Но вместо этого дерево поддается с нешумным, пружинистым хрустом. И медленно заваливается. Томаш поворачивает голову и видит: земля приближается. Приземление – мягкое. Однако ноги соскальзывают с сука, за который цепляются, и вместо того, чтобы мягко упереться в землю, попадают аккурат под другой, более увесистый сук. Пронзительный крик боли…
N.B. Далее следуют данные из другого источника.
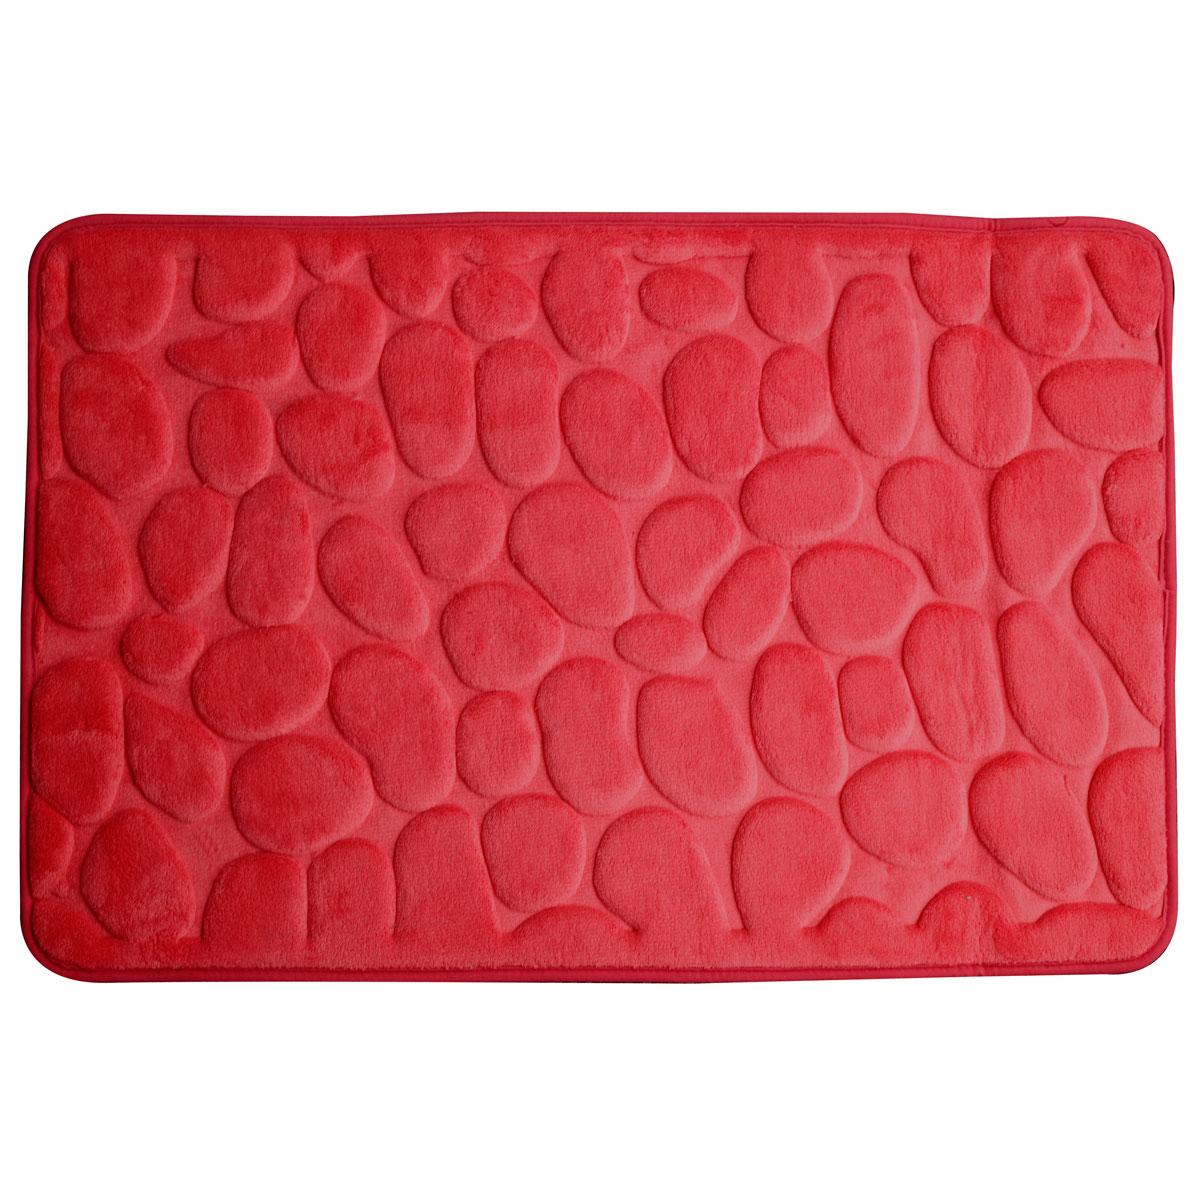 Super mäkká kúpeľňa koberec 60x95 3D červená

Он высвобождает ноги. Шевелит пальцами. Все кости вроде целы. Он поворачивается, оглядывается на автомобиль. И видит: над землей, сколько он ни бился, торчит пень – довольно высокий. Автомобилю через него нипочем не переехать – сядет днищем. Надо было рубить много ниже. Впрочем, хоть так, хоть эдак, дерево все равно сцеплено с пнем. Оно рухнуло, но полностью не переломилось. Там, где ствол все еще скреплялся с пнем, древесные волокна сплелись в тугой узел – топор такой не возьмет. Но даже если бы он ухитрился перерубить сцепку и даже если пень, положим, был бы короче, хватило бы ему сил оттащить дерево в сторону? Такое и представить-то себе трудно. Вот и приехали…
Все труды были насмарку. Дерево над ним смеется. Он запутался в ветвях и тщится высвободиться. И тихонько всхлипывает. Потом закрывает глаза и проваливается в отчаяние.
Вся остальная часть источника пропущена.